Decisioning can be defined as: 'acquiring and leveraging proprietary knowledge through the systematic discovery, classification, specification and automation of the decisions that drive your business'.
And in this context, a decision is: 'the application of proprietary knowledge to interpret and evaluate situational data to achieve the purpose of the enterprise'.
Decisioning allows the organisation to extend and control its business processes by inserting plug-and-play software components directly into the processes, thereby implementing fast, reliable, automated decision-making.
Decisioning is the business user's "remote-control", guiding and directing the computerised processes as they go about their business, quickly and accurately.
By combining decisioning with your data, you create a dynamic, knowledge-based enterprise that can adapt quickly to opportunities and threats - a 'learning organisation'.
Let's envisage a scene where you are confronted with a market change that requires your organisation to respond differently - in other words, new decisions are required.
In a decision-centric system, you simply use the power of the decisioning layer to implement timely, efficient decision logic changes. Being able to develop, model, test, and deploy your decision-making in "market-time" is the key to business agility.
The weight of the time-draining 'system development life cycle' is only required when you need to add new structural capabilities to the infrastructure. Decisions are the most dynamic of the systems components - new decision models can be created as fast as the business can learn. But our traditional systems methodologies are highly resistant to dynamic requirements. By segregating out responsibility for decisioning, we remove a burden from the old juggernaut development process, reserving its costly and resource intensive SDLC for development of core infrastructure and capability.

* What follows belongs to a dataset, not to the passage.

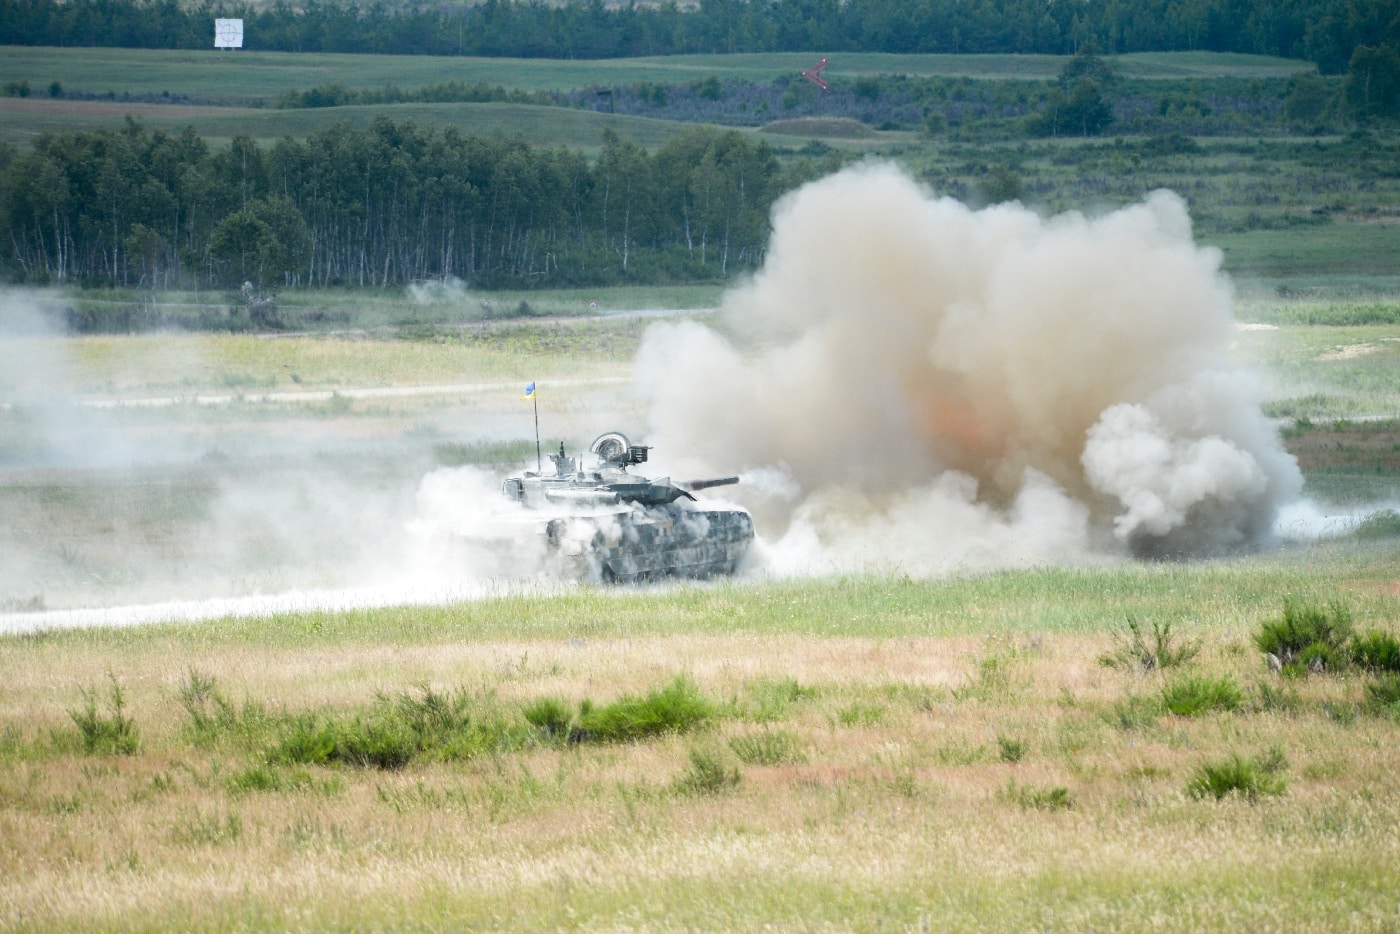 T-84 tank shoots while on the move during a training exercise. The T-84 offers many advantages over the T-80 series of tanks used by the Russian Federation and Soviet Union.

Furthermore, compliance with decision making guidelines in such critical areas as the assessment and acceptance of clients, products, prices and terms, is usually a corporate, if not a legal, imperative. Many organizations invest heavily in training, processes and systems to ensure that line decisions comply with these declared guidelines. Decisioning is an approach that compliments this by ensuring that relevant guidelines are applied automatically "at the point of sale" to ensure provable, auditable compliance at all times.